Brescia, Sana Cheema uccisa per il no alle nozze: padre e fratello a giudizio

La ragazza fu strangolata dopo aver rifiutato il diktat del matrimonio. L’accusa: omicidio aggravato dalla premeditazione e dal vincolo familiare

Sana Cheema

Sana Cheema

Brescia -  Il 18 aprile 2018 morì in Pakistan, nel Paese d’origine, in circostanze controverse. Per la famiglia si trattò di una disgrazia, di un improvviso malore. Per la Procura generale, invece, fu strangolata dai parenti perché rifiutava il diktat delle nozze combinate dal clan. E quel femminicidio fu un delitto politico. Torna alla ribalta il caso di Sana Cheema, la 25enne italo-pakistana cresciuta a Brescia che l’accusa ritiene “giustiziata“ dal padre e dal fratello durante un viaggio nel villaggio natale. Ieri il gup, Matteo Grimaldi, ha rinviato a giudizio Mustafa Cheema, 54 anni, cittadino italiano come la figlia, e il primogenito Adnan, 34, per omicidio aggravato dalla premeditazione, dal vincolo familiare e dall’abuso di rapporto parentale. Il processo inizierà il 20 dicembre davanti alla prima sezione della Corte d’Assise. Il giudice ha accolto la prospettazione accusatoria dell’ex procuratore generale Pierluigi Dell’Osso - in aula c’era il pm Marzia Aliatis - che prima di andare in pensione avava avocato l’inchiesta e si era dato molto da fare per dare a Sana giustizia. I Cheema erano già stati processati in Pakistan per l’omicidio, e assolti dai giudici di Gujrat per insufficienza di prove. Coimputati erano non solo il padre e il fratello, ma anche la madre, Nargis Tahira, e nove persone, tra cui gli zii, tutti scagionati per la stessa ragione. E questo sebbene il capofamiglia in fase d’indagine avesse ammesso le proprie responsabilità, salvo poi ritrattare. Le sue dichiarazioni, rese senza un legale, non furono ritenute utilizzabili. Per dribblare il principio giuridico del “ne bis in idem“, il divieto del doppio giudizio per il medesimo fatto, Dell’Osso offrì una chiave interpretativa nuova. L’omicidio fu compiuto sì in Pakistan, ma da una famiglia da anni trapiantata a Brescia, la sua tesi.

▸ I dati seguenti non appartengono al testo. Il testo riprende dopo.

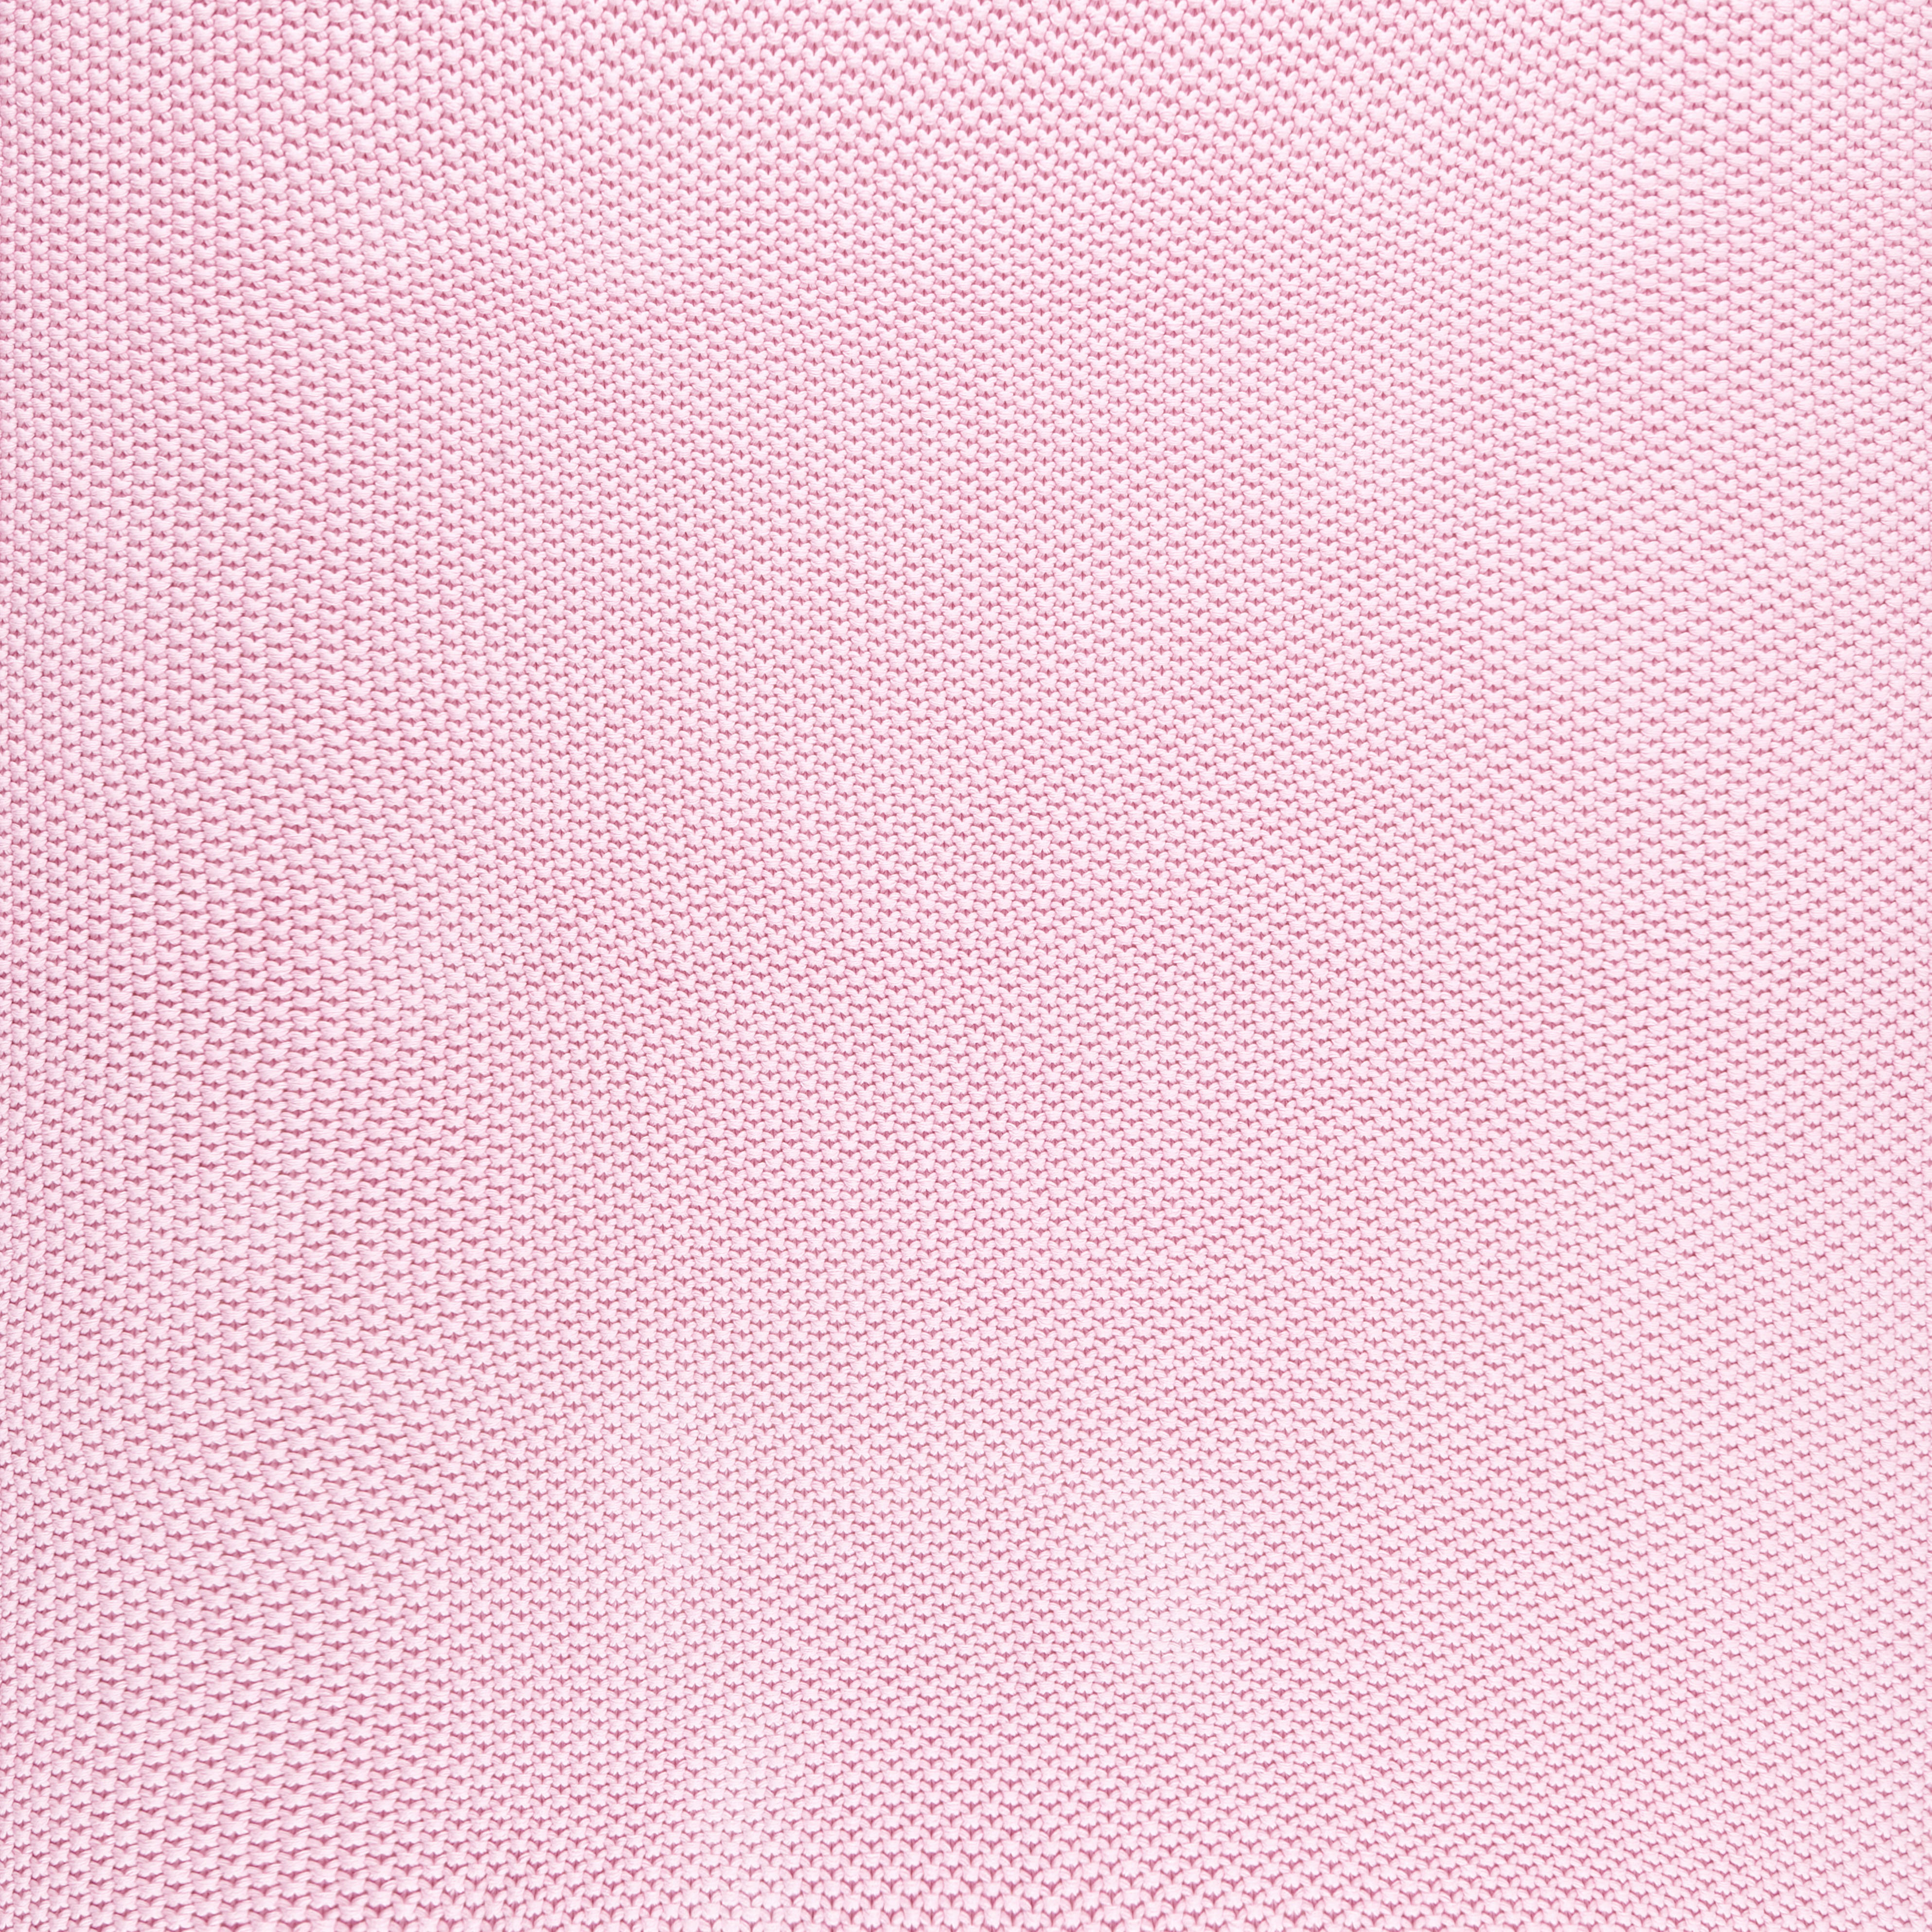 MEKANO ĆEBE 80/100 cm  - ružičasta, Trendi, tekstil (80/100cm) - Avelia

Gli imputati avrebbero provocato la morte della ragazza "per asfissia meccanica violenta da compressione del collo mediante strangolamento, annullando nel contesto sociale, politico ed economico caratterizzato da organizzazione per caste, i diritti politici e sociali fondamentali della vittima, soppressa per avere rifiutato il matrimonio combinato". Andate a vuoto le proposte di una serie di mariti, padre e fratello le avrebbero tappato per sempre la bocca proprio il giorno prima del suo rientro a Brescia. Il genitore l’avrebbe immobilizzata nella camera da letto dell’abitazione, il fratello le avrebbe stretto la gola con il “dupat“, un foulard tradizionale. Rimasti a lungo irreperibili, i Cheema decisero di nominare l’avvocato Klodjan Kolaj per perorare la propria innocenza anche in Italia. Ieri in tribunale non c’erano, ma il suo legale giura siano raggiungibili e pronti al processo.